La pregunta es dónde se traza la línea que garantiza que la Universidad no se politice. Hay por lo menos dos propuestas. Una dice que una cosa es la Universidad como institución y otra cosa son los individuos que conforman la institución, individuos que están dotados de derechos inalienables, incluido el derecho de la participación política. En este caso la línea dice que toda participación política de los individuos, en cuanto individuos, no sólo no debe ser prohibida, sino que tiene que ser estimulada. Por otro lado, toda toma de partido por parte de la Universidad debe ser enfáticamente rechazada. Si Carlos Caballero escribe una columna repudiando la reelección, vale. Si la Escuela de Gobierno repudia la elección, no vale.

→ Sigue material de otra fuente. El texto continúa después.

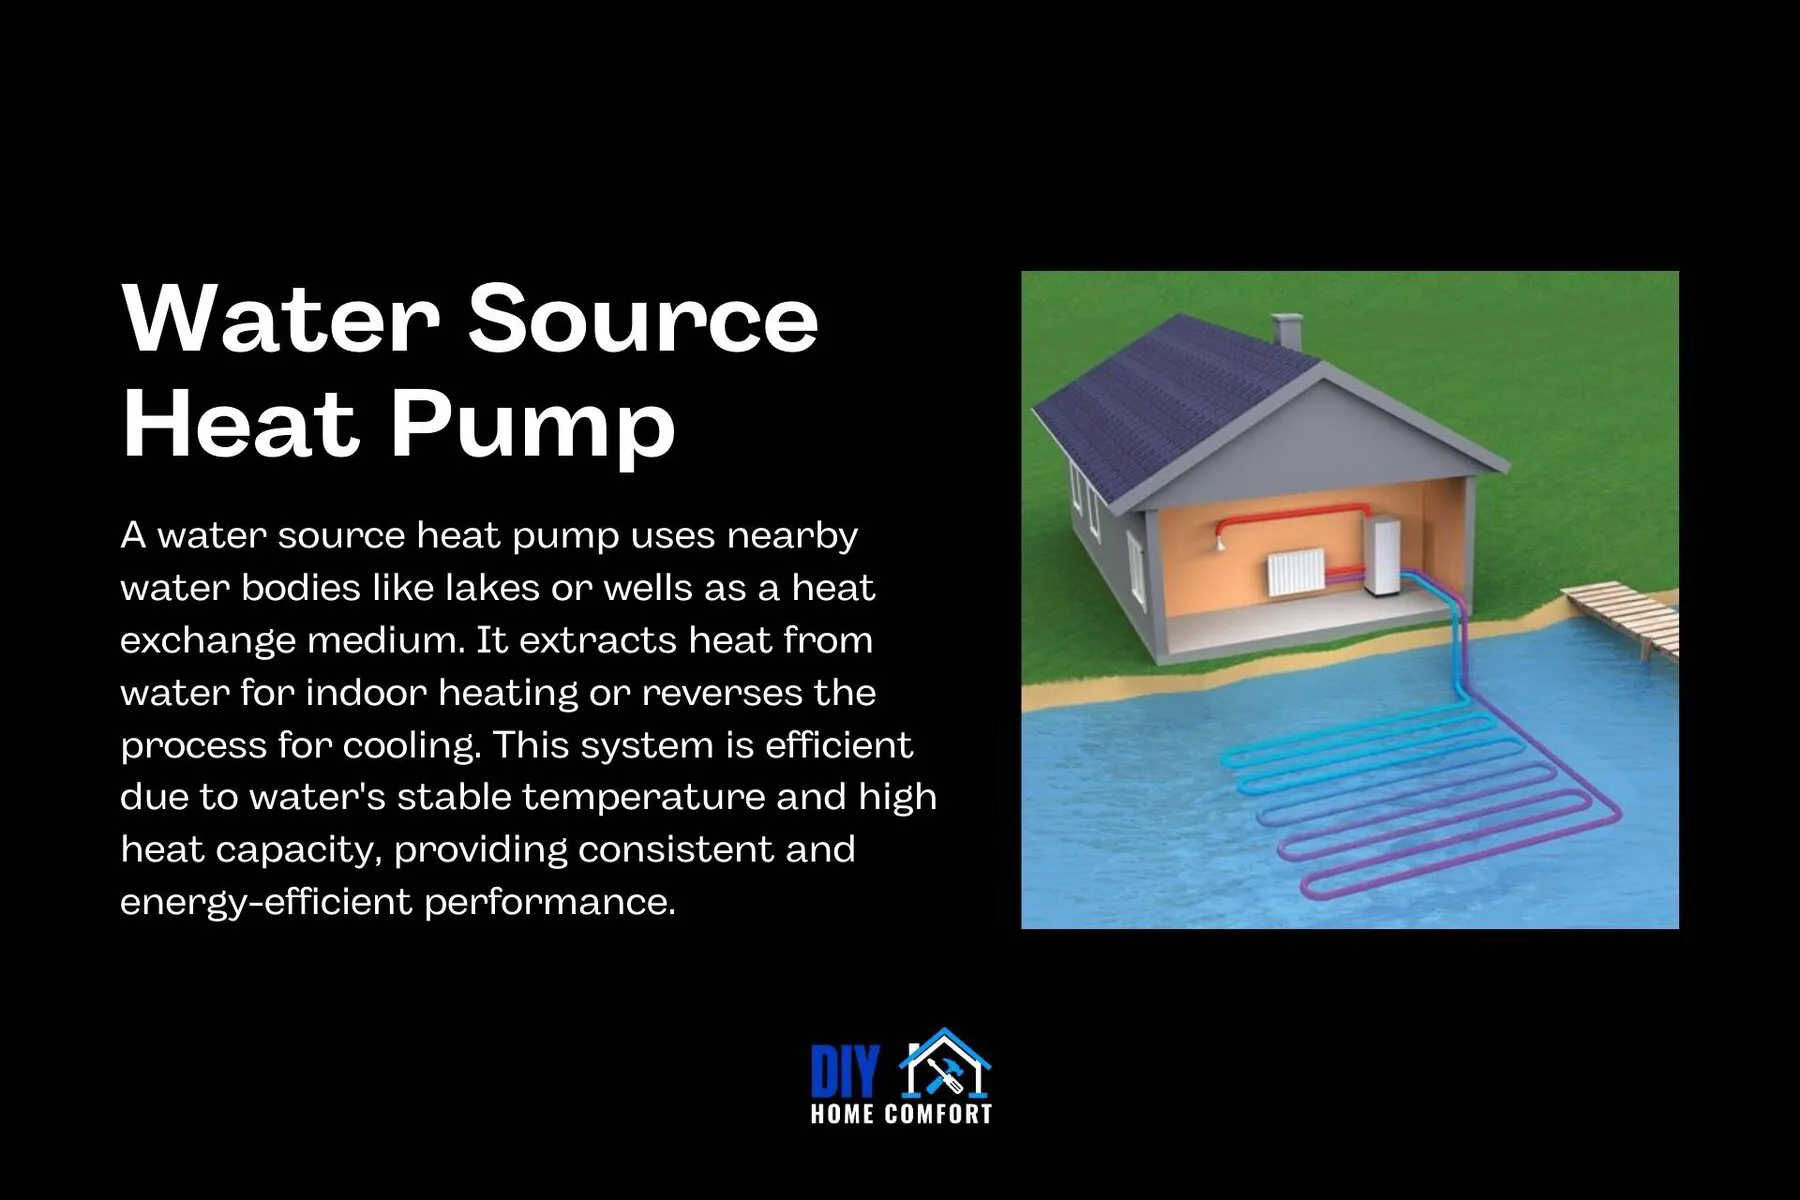 Water Source Heat Pump

Otra propuesta dice que la Universidad no debe ser campo para el proselitismo. Que un profesor no debe poder escribir una columna en un periódico apoyando a un candidato o atacando a otro, así sea a nombre propio. Que los conservadores no pueden distribuir volantes o formar su sociedad en la Universidad, es decir, que no puede haber algo así como “los conservadores de los Andes”. Que tal persona no puede ser profesora por ser del Opus Dei. Que el profesor marxista no puede decir en clase que él considera que el socialismo es superior al capitalismo.
Mi posición es clara. Yo creo que la línea demarcatoria es la primera, y que la Universidad no tiene ningún papel en decirles a sus miembros cuál es el tipo de participación política que pueden tener. El problema no es que uno contrete un profesor del Opus Dei, sino que uno lo contrate por ser del Opus Dei. La neutralidad se logra con el pluralismo, no pidiéndoles a los miembros de la comunidad uniandina que sean seres apolíticos, como si tal cosa existiera. Quizás el único decoro que pediría, más por pudor que por cualquier otra cosa, es que el proselitismo político esté proscrito del salón de clase.

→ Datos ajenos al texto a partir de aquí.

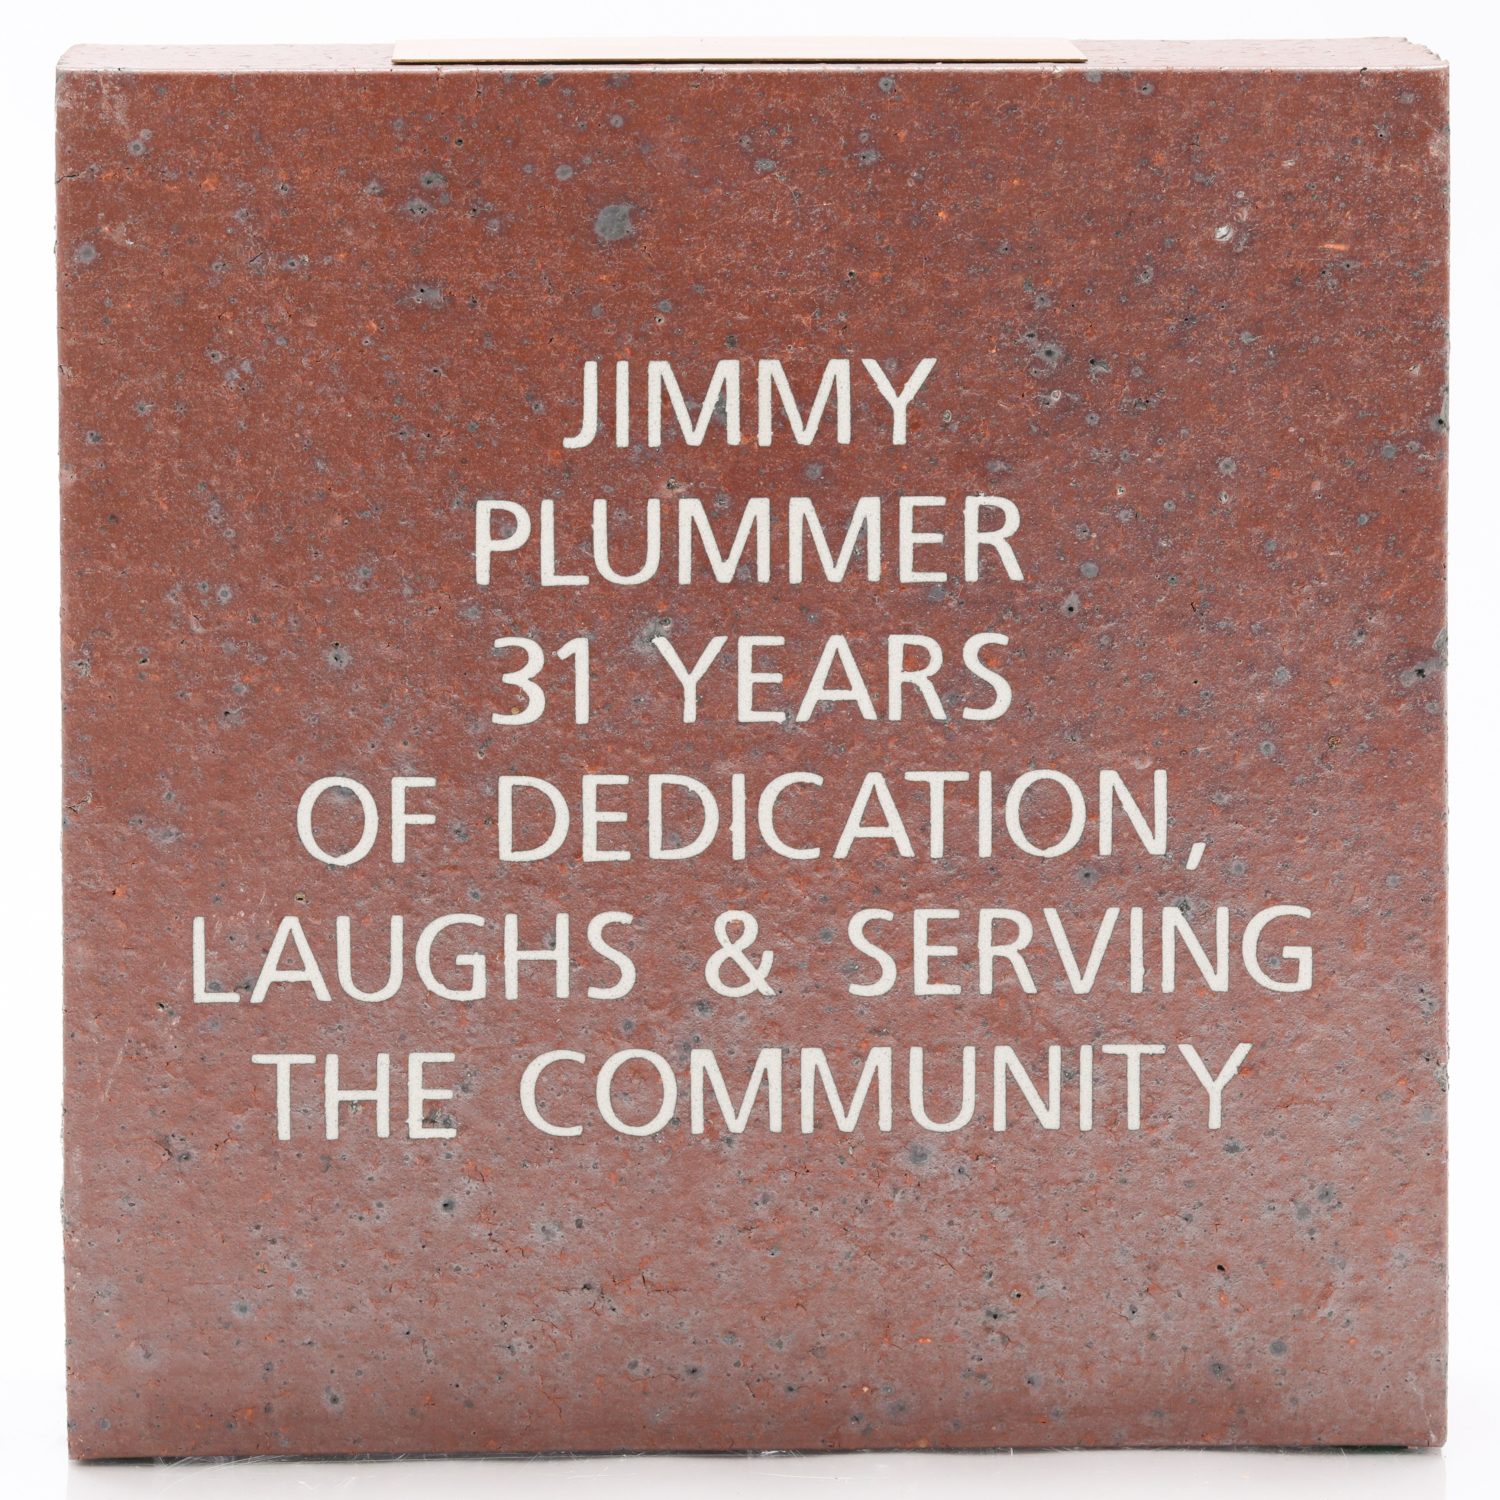 Brick Honors Jimmy Plummer's 31 Years

La Universidad debe demostrar que incluso los debates más apasionados se pueden dar en un ambiente de civilidad, de respeto por el otro, de razonabilidad, de altura. El papel de la Universidad debe ser aconductar las pasiones políticas, no suprimirlas, entre otras razones porque seres humanos sin pasión, sin pasión política, no son seres humanos. La universidad no es ni puede ser una torre de marfil que está por encima del debate social y político. Por el contrario, la universidad tiene que ser el lugar donde ese debate se lleva a cabo con más decoro, altura e inteligencia.